Chicago Master Singers soar in rare masterworks by Schumann and Bruckner

Sat Nov 06, 2010 at 11:51 am

By Bryant Manning

Alan Heatherington

It was likely not a concert on most people’s radar, but Friday night’s event in the north suburbs offered one of the choral highlights of the year.

Conductor Alan Heatherington, his Ars Viva Orchestra, a quartet of vocalists and the Chicago Master Singers were top-flight companions in large works of sacred music by Schumann and Bruckner. The music seemed tailor-made for the Divine Word Chapel, a cathedral with a live-wire acoustic that rises like a skyscraper in the remote enclave of Techny, near Northbrook. On an otherwise loaded night of music around the Chicago area, commuters were certainly well rewarded.

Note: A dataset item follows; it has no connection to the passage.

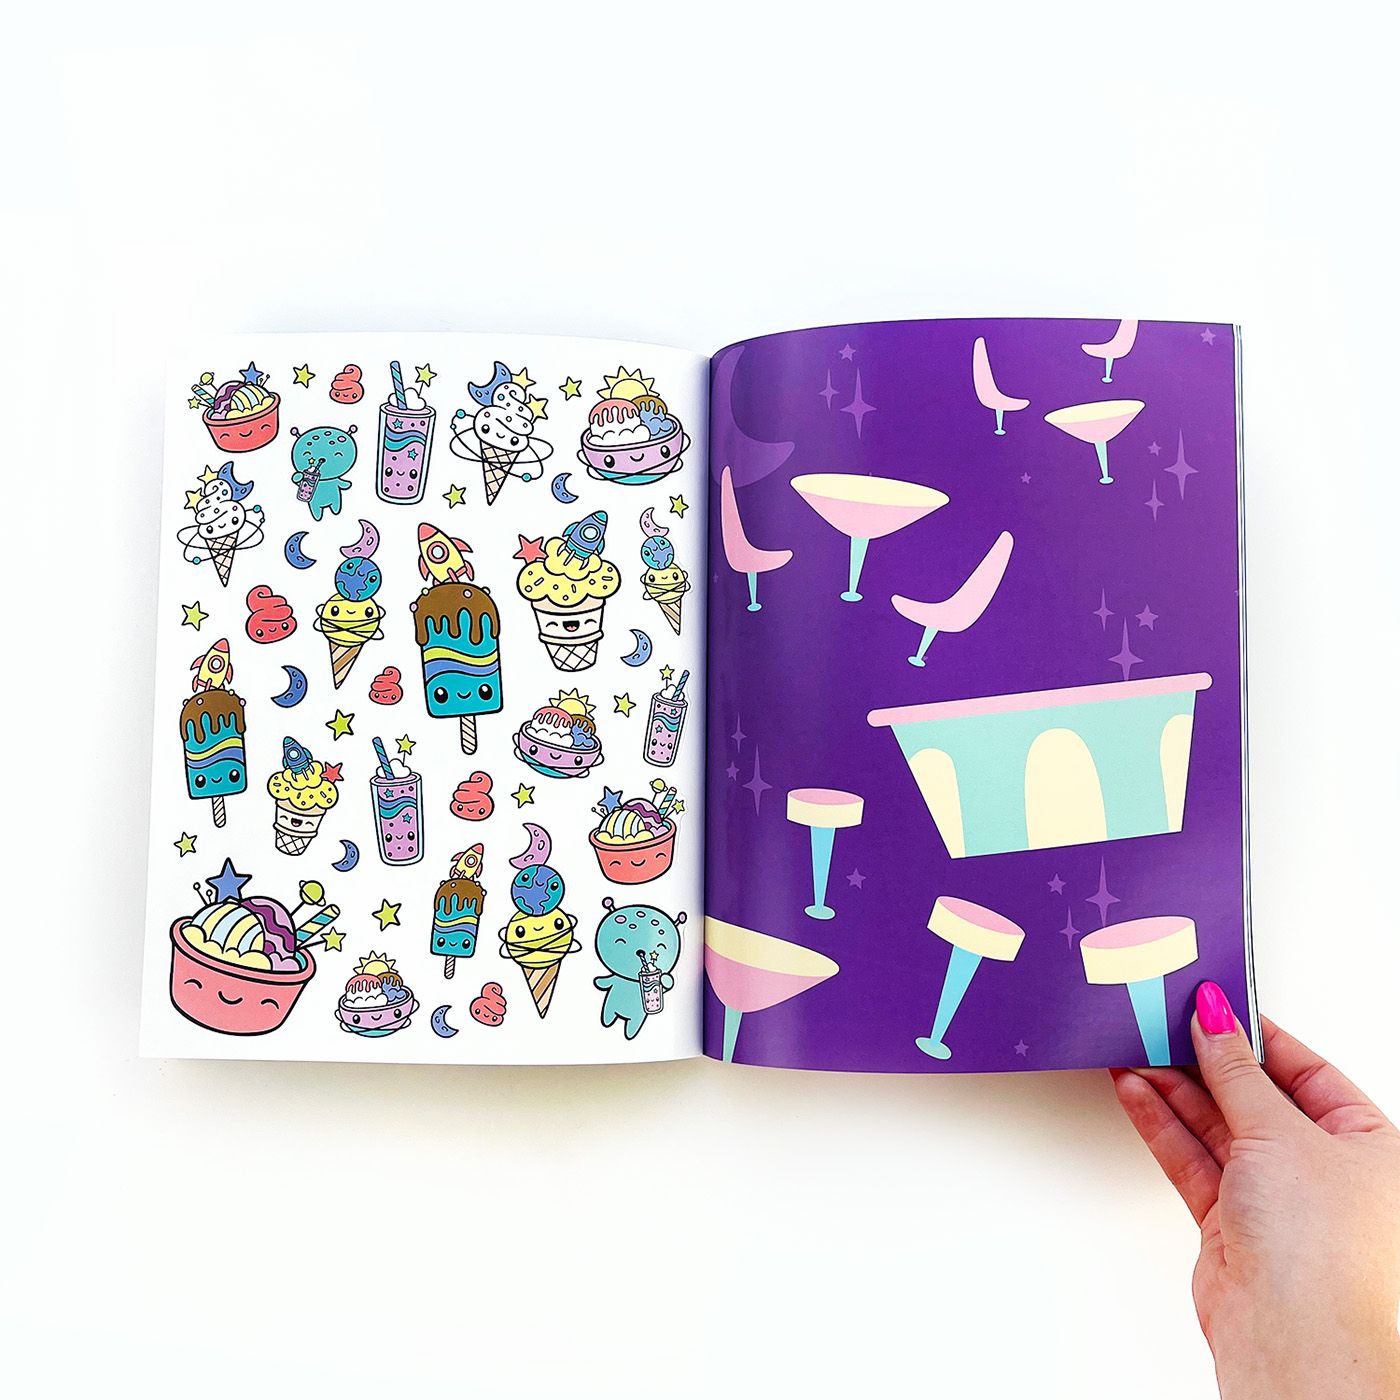 91 Sticker Albums and Collections ideas  sticker album, sticker book, sticker  collection

As the Schumann bicentennial winds down, it was a treat to hear his neglected Requiem, Op. 148, a work criminally underperformed on the concert circuit and even in the recording studio. Like Mozart’s own mass for the perished, there is speculation that its composer was in fact writing it for himself, and there seems to be a slow acceptance of fate that courses through the piece. (Schumann died four years after this Requiem was published). Perhaps this was best heard in the final Agnus Dei, where its gradual evaporation of sound artfully embodies feelings of permanent resignation. 

And yet at about forty minutes, the work is thoroughly dramatic enough—with its unpredictable interjections of brass—to give audiences its requisite jolts of exultation.

Of the reduced Ars Viva ensemble however—which was likely overshadowed by the glorious singing of the featured ensemble—no praise can be too high. Even in a space as resonant and unequivocally loud as the Divine Word venue, instrumental performances were cleanly precise and proportionately affecting.

The Schumann may have been the main attraction, but it was Bruckner’s heavyweight Mass in F minor that anchored the evening. Holding them together was the chance to hear the perspectives of two very different men writing substantive sacred music: one for whom going to church was a rarity, the other whose religious faith defined his very being.

With its Wagnerian harmonies and gorgeous polyphonic writing, Heatherington believes this sprawling mass to be “the finest setting of the liturgical text of the mass by any composer in the history of Western music.”

A heady claim, to be sure, but what mattered was that Heatherington treated Bruckner’s Mass as if it really was that, giving great care to sonorities and details in the opening Kyrie and particularly the epic Credo. 

If Bruckner has written more beautifully mature music than in the Benedictus, I haven’t heard it. Impeccably textured strings give way to the most astonishing vocal play, and here the four singers—Michelle Areyzaga (soprano), Theresa Brancaccio (mezzo-soprano), Kurt R. Hansen (tenor) and Peter Van De Graaff (bass-baritone)—rose to their greatest heights of the evening. To take nothing away from the other three vocalists, Michelle Areyzaga stood out for her magnificently dexterous soprano that projected best in the chapel’s cavernous space.

Even after its exhausting 67 minutes, Heatherington turned to the crowd and looked wholly revitalized and transformed. This program will be repeated Sunday night and shouldn’t be missed.

Alan Heatheringon leads the Chicago Master Singers and Ars Viva Orchestra in Schumann’s Requiem and Bruckner’s Mass in F minor 7 p.m. Sunday at Divine Word Chapel in Techny. chicagomastersingers.org; 877-825-5267

Posted in Performances


3 Responses to “Chicago Master Singers soar in rare masterworks by Schumann and Bruckner”

  1. Posted Nov 07, 2010 at 10:49 am by Diddy Blyth

    I was in the middle of all that marvelous music directly behind the trombone section; I am an Alto I. This truly was a concert to remember and savor. The maestro lead us to precious heights of exquisite musicianship which is rare and a privilage in and for all ages. Thank you Maestro Heatherington.

  2. Posted Nov 07, 2010 at 4:02 pm by MIRIAM JOY MAGER

    DOUBTLESSLY, THIS PROCLAMATION OF OUR FAITH
    IN JESUS CHRIST STOOD ALONE ON EVERY LEVEL OF
    HUMAN EXISTENCE IN THE KNOWN WORLD DURING THESE CONCERTS!

  3. Posted Nov 08, 2010 at 9:19 am by Chandler Branch

    I was privileged to attend the Sunday November 7 performance. What a wonderful program, and so beautifully and powerfully executed! Congratulations to the Chicago Master Singers, Ars Viva and Maestro Heatherington. What a gift to Chicago-area music lovers.